DIY Macrame Tutorial: How To Make A Large Macrame Feather/Leaf
Do-It-Yourself Macrame: Macrame Feather/Leaf. Kindly see beneath for materials and composed guidelines.
– Pet Brush and Comb
– 3mm Single Strand Twisted Cotton String
– Fabric Glue
– 2mm and 3mm Twisted Cotton String
*Please note: I use Cow Hitch bunches to make the quill/leaf. This bunch is the converse of the Lark’s Head tie (if you somehow managed to flip the Lark’s Head tie around you would see the Cow Hitch Knot).
We will begin by cutting the felt. The felt will be utilized as a sponsorship for your plume. It hold’s the plume’s shape when you drape it on the divider. Slice your felt to your ideal size. In the event that you are keen on making a few plumes I would suggest cutting yourself a layout that can be utilized to apportion your felt.
My layout is 13 inches (33 cm) long and 7 1/4 inches (19 cm) wide at its vastest point. This makes a completed plume that is 15 inches (38 cm) long and 8 inches (21 cm) wide.
Next we will slice the wound string to make the quill. Cut a piece of string that is a day and a half (92 cm) long. This piece of rope will run along the focal point of your quill. Overlay it down the middle and tie a twofold bunch at the top.
Cut 32 bits of rope – each piece is 17 inches (43 cm) long. Connect these bits of rope to your focal point utilizing Cow Hitch ties. A Cow Hitch tie is the opposite of the Lark’s Head Knot. If you somehow happened to make a Lark’s Head bunch and afterward flip your work over you would see a Cow Hitch tie.
Connect one piece on the left, one piece on the right, etc. Rehash this interaction until you connected every one of the 32 bits of rope.
Here is what it will resemble up and over of the felt. I like to leave an inch or so of string on each side so you can’t see the felt from the front.
With the two center strands tie a twofold bunch at the lower part of your work.
Eliminate the felt from the back and brush out your string. I will change to another board behind my work so I don’t scratch up this board when I brush out my string.
Utilizing your pet brush, brush out your string.
I like to return over the string with a fine brush subsequently to ensure the string is totally brushed out and doesn’t twist.

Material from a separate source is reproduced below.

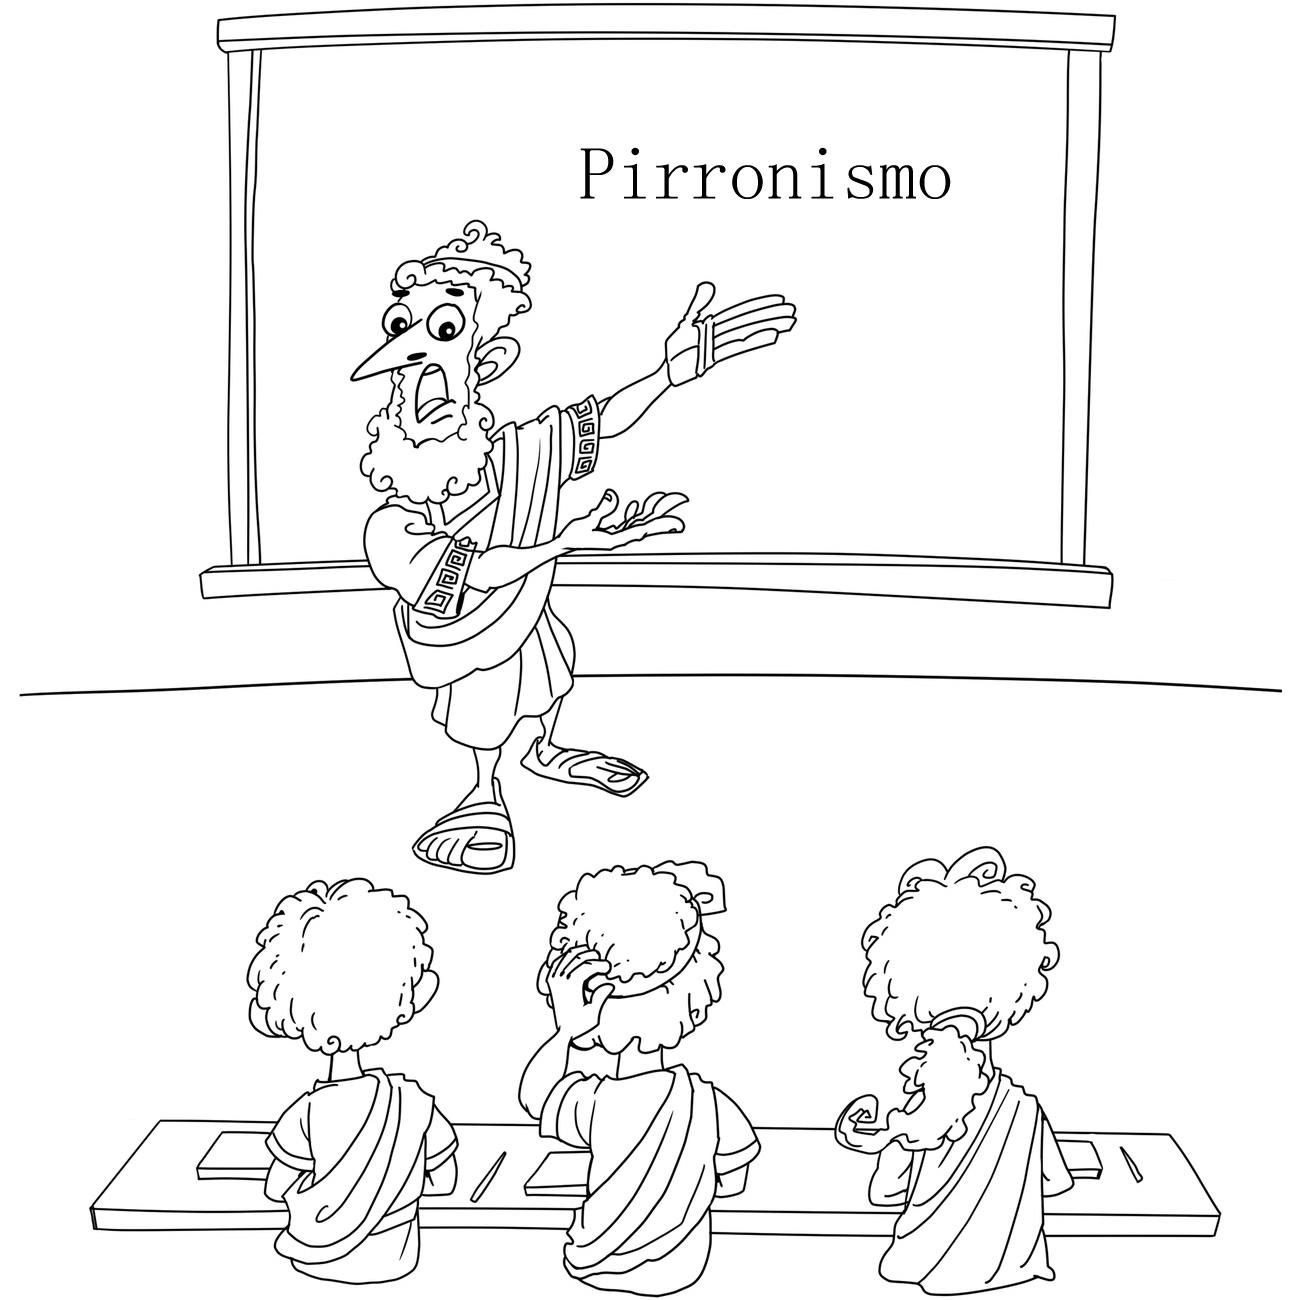 Pirronismo

You may track down some additional cotton on your brush – that is typical simply dispose of it before you begin brushing once more.

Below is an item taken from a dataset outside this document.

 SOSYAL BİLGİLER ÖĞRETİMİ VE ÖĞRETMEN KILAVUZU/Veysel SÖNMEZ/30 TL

Flip your work around and brush out the opposite side.
Choose which side of the plume you need to be the front of your work. We will add felt to the opposite side of your work. I will utilize this side as the front of my work.
Snatch your paste and add paste to the highlight of your plume. Add paste to your felt also.
Flip your work over and add some additional paste to the top.
Flip your work back finished and cut at the edges of your work. Follow your felt format.
My normal scissors are somewhat dull so I utilized my sewing scissors. I would suggest a sharp pair of normal scissors yet sewing scissors will function too.
Cut the opposite side and afterward flip over for definite decorations.
Brush the front strands to ensure it is all straight and afterward cut where fundamental.
I like to cushion my quill up a smidgen to give it somewhat more profundity.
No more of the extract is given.